# First Time Cooking a Fresh Turkey



## PA Baker (Nov 19, 2006)

I've ordered a fresh, free-range turkey for Thanksgiving this year.  Usually my mom supplies a frozen bird for dinner, but I have convinced everyone to "think out of the box" this time around. 

Is there anything I need to know about cooking a fresh bird that's different than cooking a frozen one?  Recommended temps and time/pound???

Thanks!


----------



## auntdot (Nov 19, 2006)

We used to live near a turkey farm and would get them freshly killed.

Just cooked them the same way we did the frozen ones that had thawed.


----------



## Robo410 (Nov 19, 2006)

many frozen birds are injected with brines or oils
you could brine your bird
you could do a compound butter rub under the skin
you could just roast and baste as normal
it should come out just fine.


----------



## Andy M. (Nov 19, 2006)

First of all, you don't have to thaw it. 
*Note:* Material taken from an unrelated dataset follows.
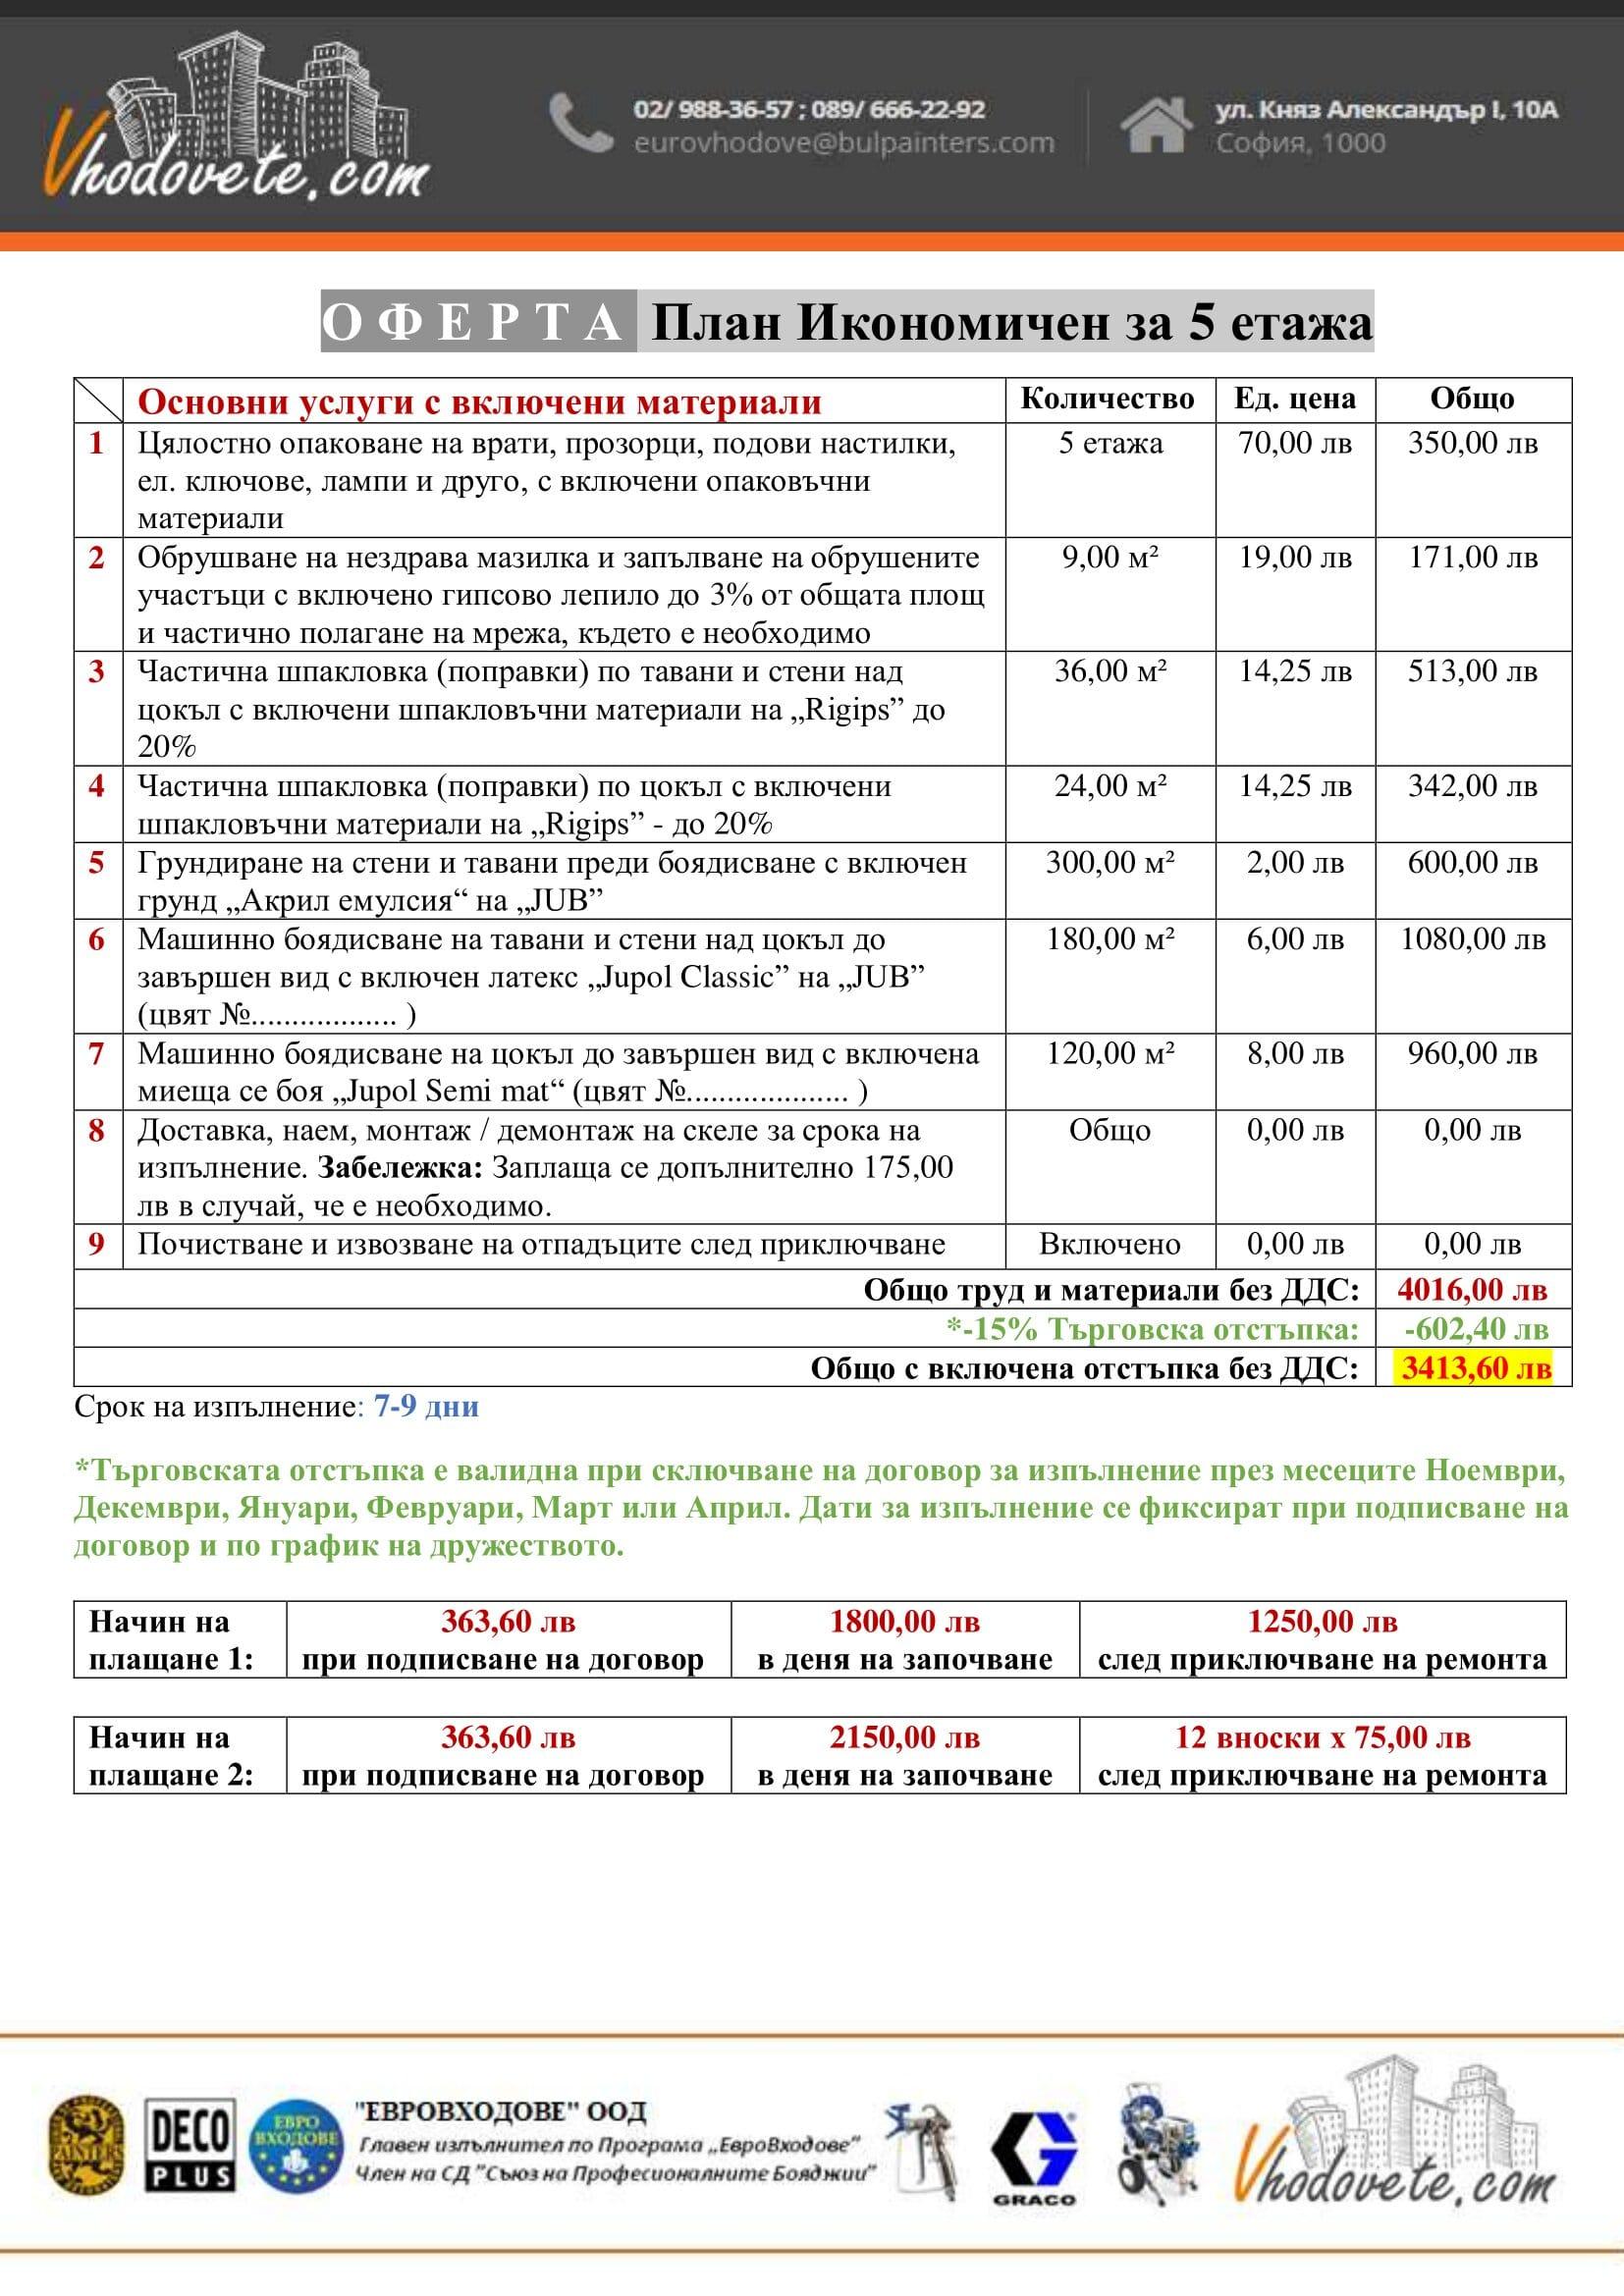 1-Oferta-za-5-et-Ikonomichen-01102020
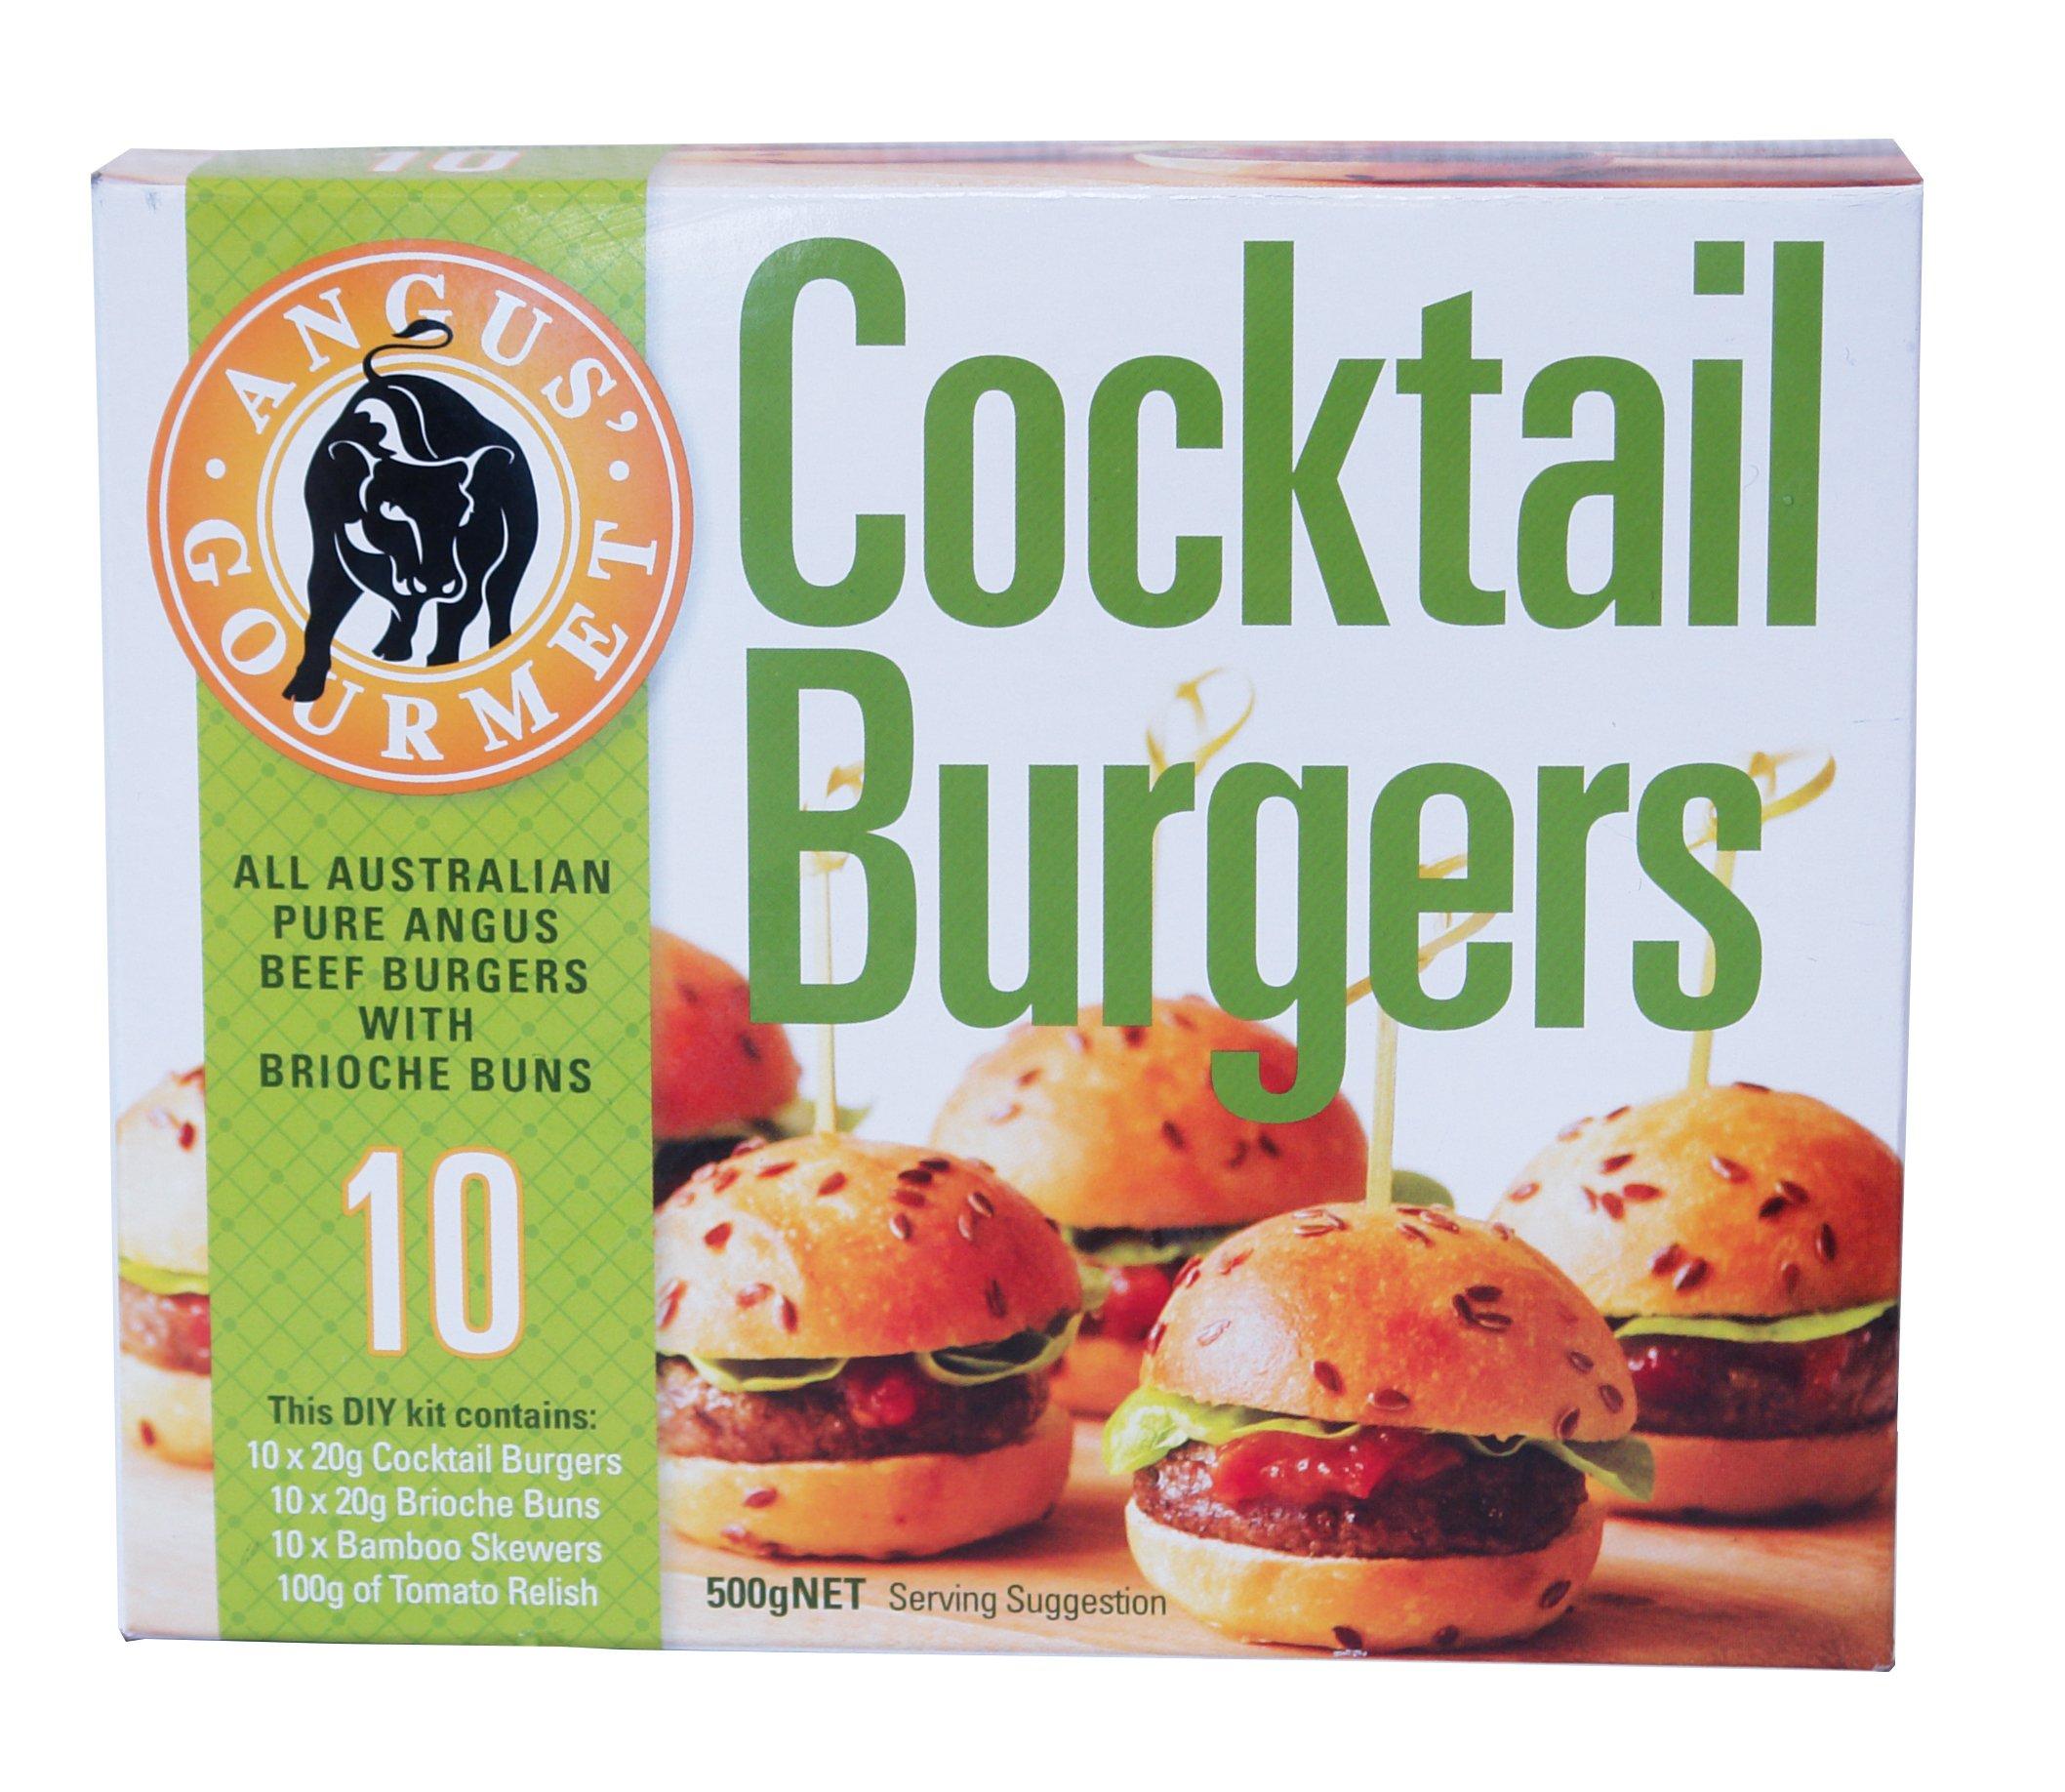 ミニ ハンバーガー キット 10個入り

As said above, your turkey will not be brined, injected, etc.  A brine will do a lot for the flavor and moistness of the bird.  Check out Alton Brown's brine recipe on Food TV.


----------



## corazon (Nov 19, 2006)

I order my "fresh, free range" turkey from the co-op. I think they flash freeze it or something like that. There is a crust of ice on the outside of the bird. My advice is to pick up your turkey early, just in case. My first time making a turkey, we picked it up the day of only to find it was ice crusted. What a disaster that was! A definite strain on my confidence too. Kinda wierd that it's still considered fresh. I do brine it and do a compound butter. I know your dad isn't adventerous but he'll never know if you brine the bird overnight.


----------



## In the Kitchen (Nov 19, 2006)

*Grill*



			
				Andy M. said:
			
		

> First of all, you don't have to thaw it.
> 
> As said above, your turkey will not be brined, injected, etc.  A brine will do a lot for the flavor and moistness of the bird.  Check out Alton Brown's brine recipe on Food TV.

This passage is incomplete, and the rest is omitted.